*What you will do*
None of the images should appear in your copy. Transcribe the data in full.

*Data section*
━━━━━━━━━━━━━━━━

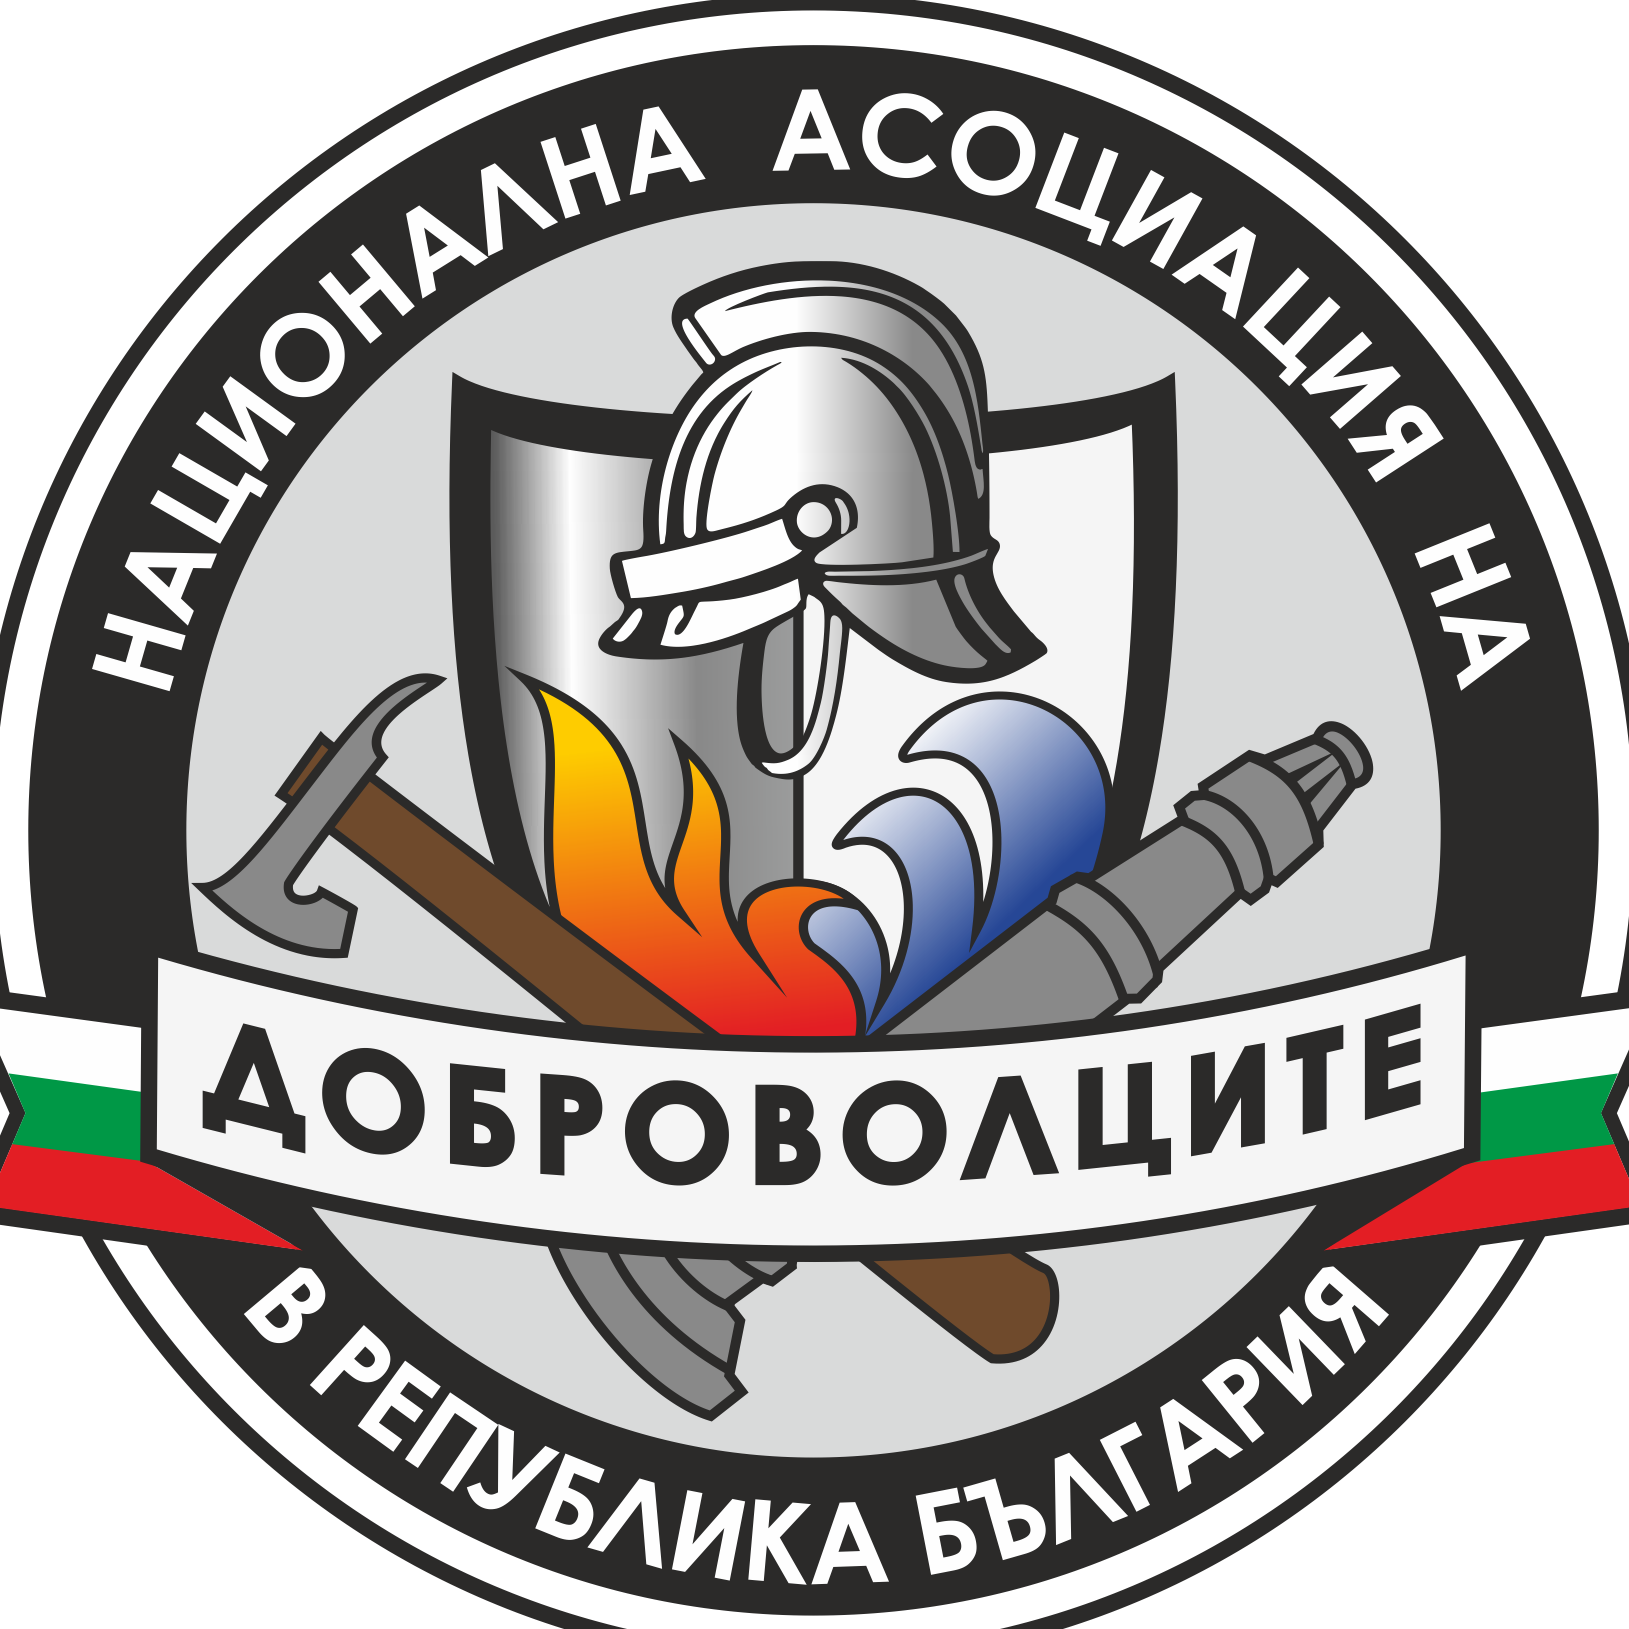 Национална асоциация на доброволците в Република България logo
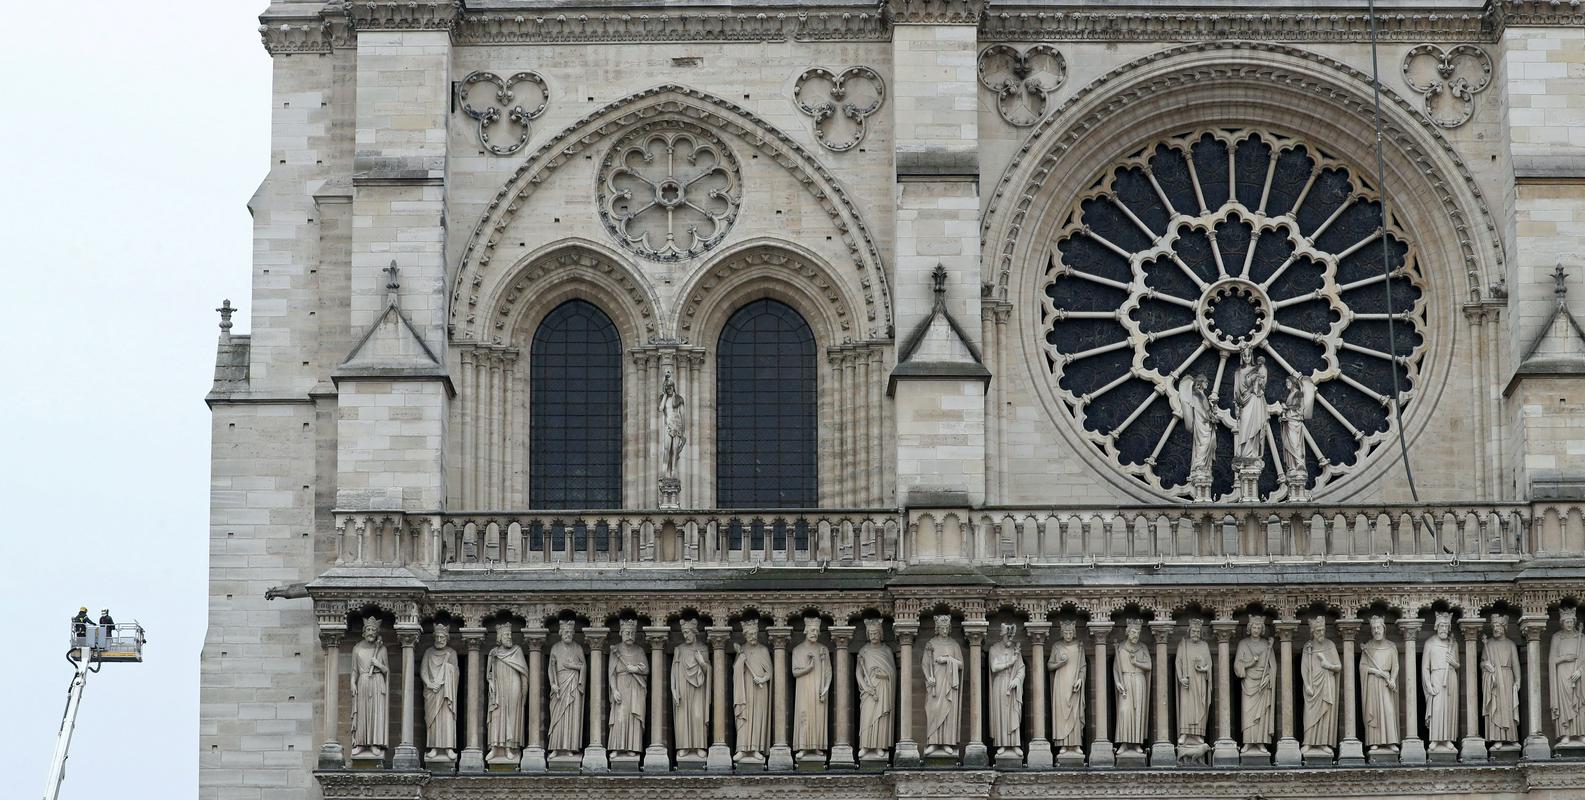 Čez celotno širino zahodnega pročelja se pne galerija s kipi francoskih kraljev, s čimer so  poudarili svojo povezanost z nebeškim kraljestvom in s tem skušali dodatno legitimirati svojo oblast. Foto: Reuters
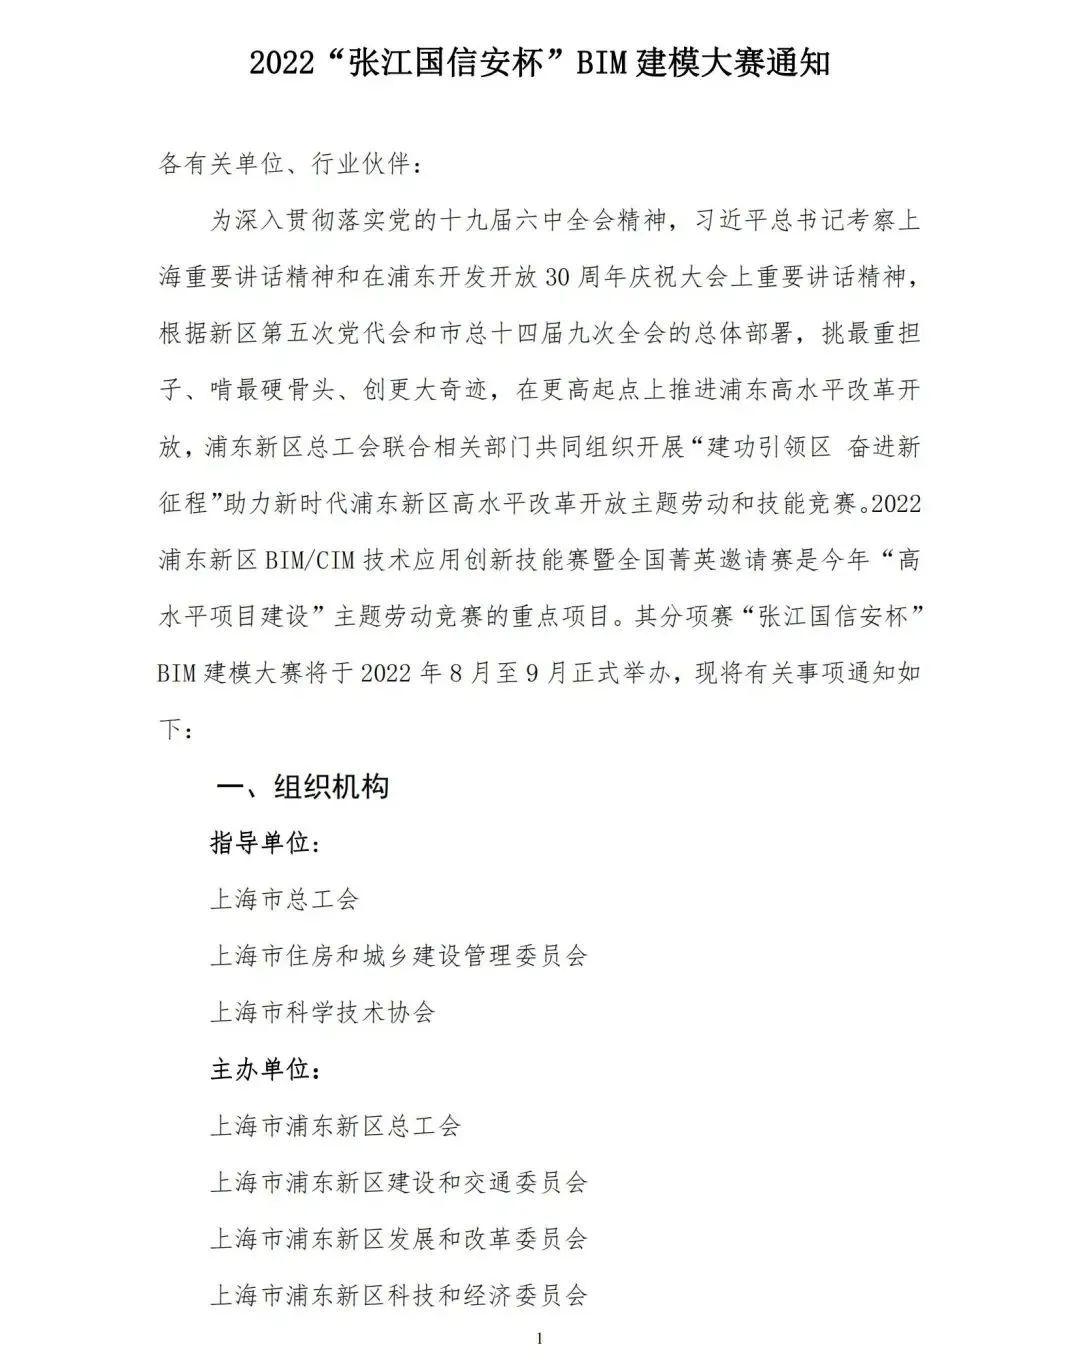 上海市2022“张江国信安杯”BIM建模大赛开始报名
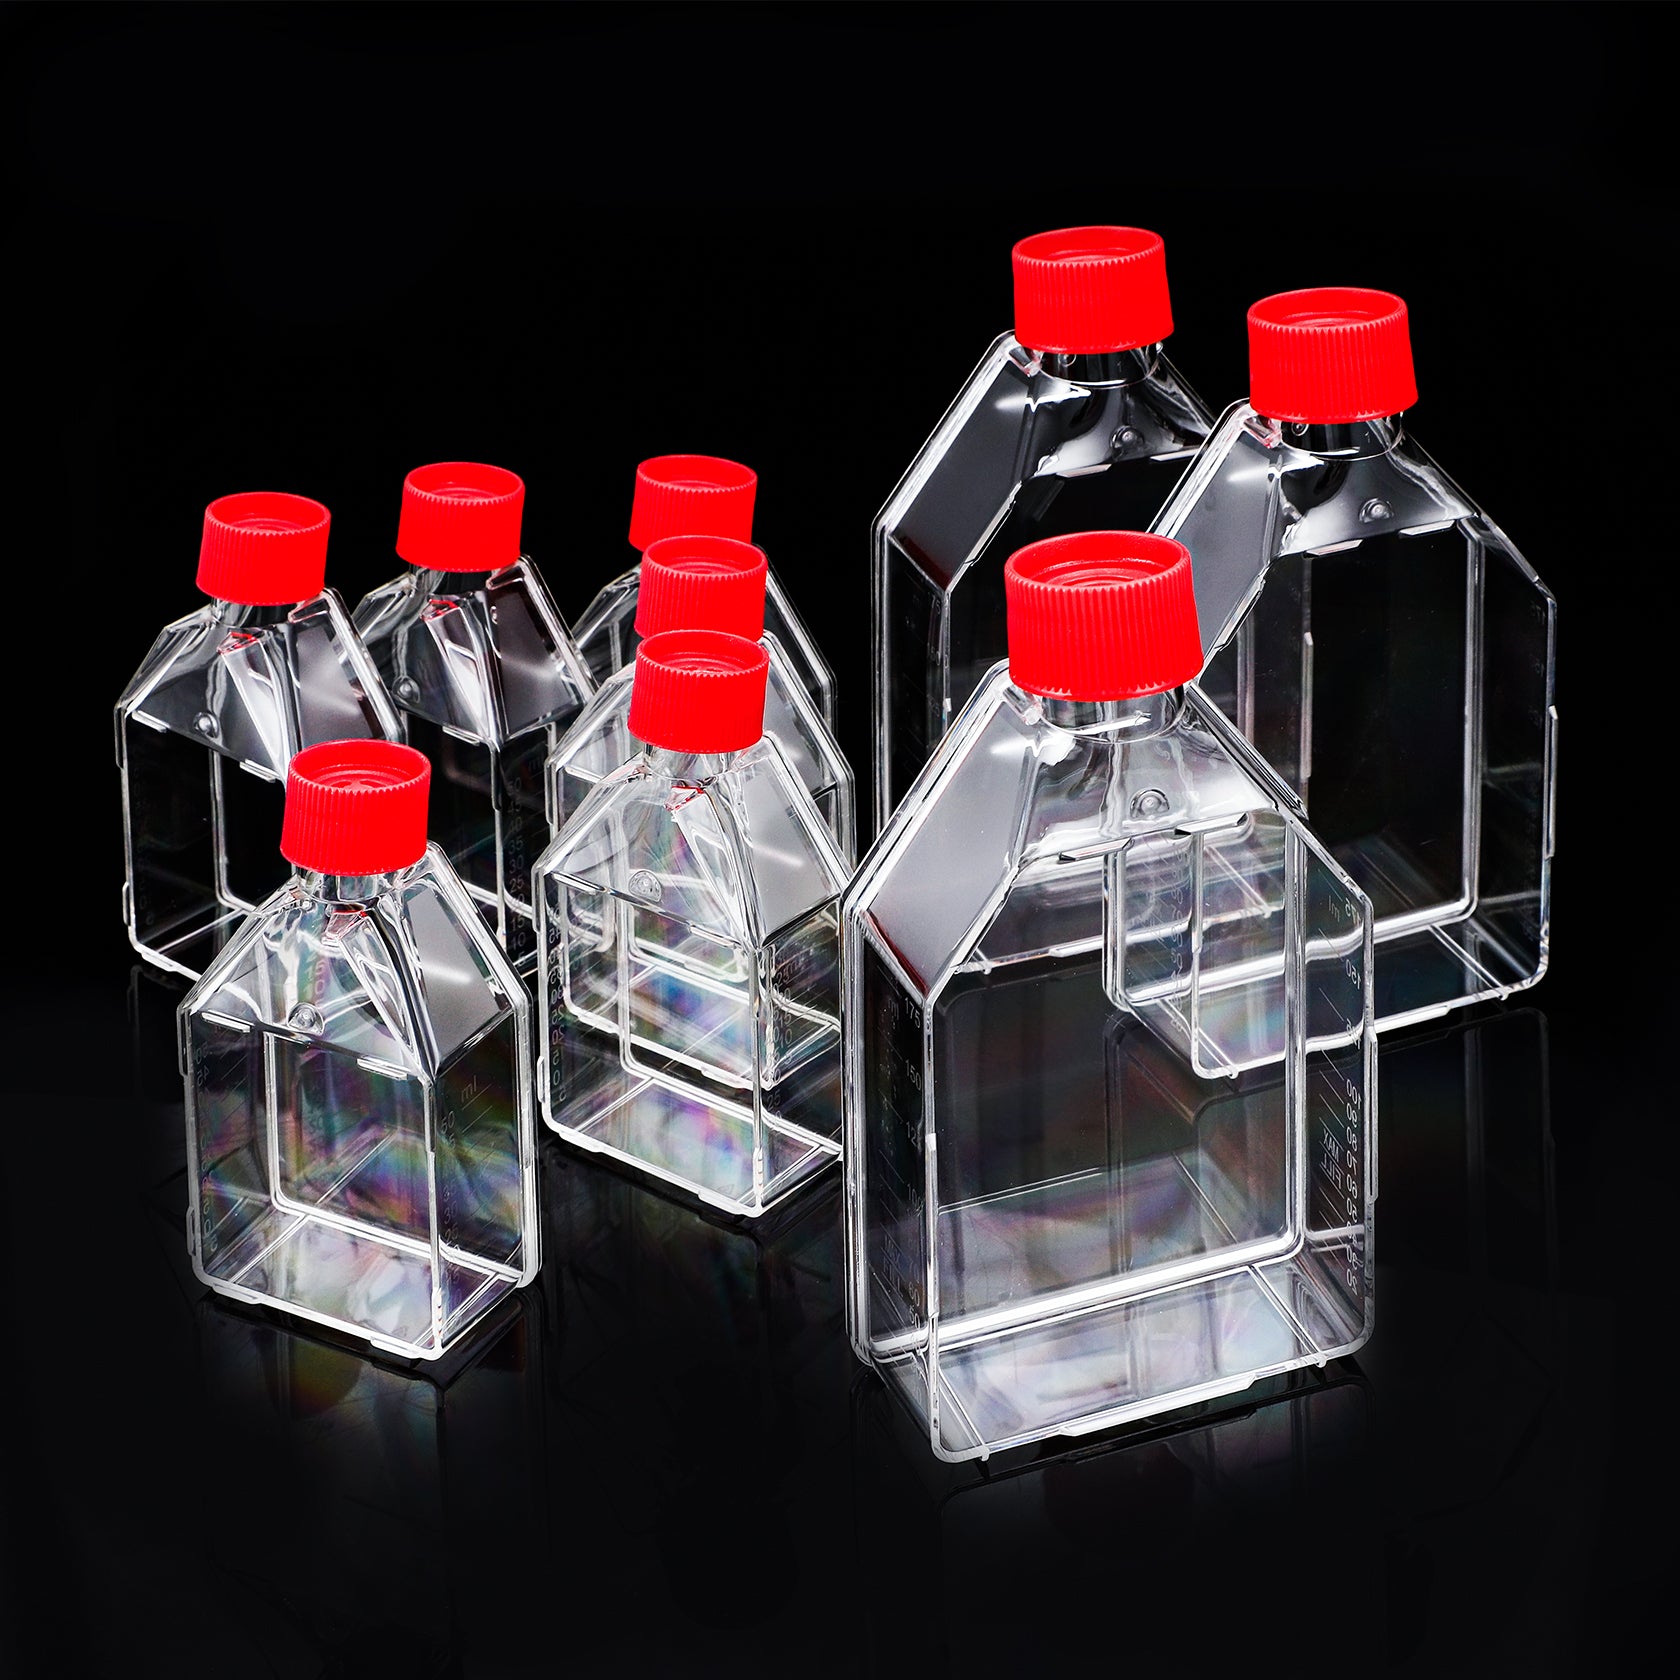 Cell Culture Flask - Four E's USA (A Four E's Scientific Company)

━━━━━━━━━━━━━━━━

*Exercise result*
 Национална асоциация на доброволците в Република България logo
 Čez celotno širino zahodnega pročelja se pne galerija s kipi francoskih kraljev, s čimer so  poudarili svojo povezanost z nebeškim kraljestvom in s tem skušali dodatno legitimirati svojo oblast. Foto: Reuters
 上海市2022“张江国信安杯”BIM建模大赛开始报名
 Cell Culture Flask - Four E's USA (A Four E's Scientific Company)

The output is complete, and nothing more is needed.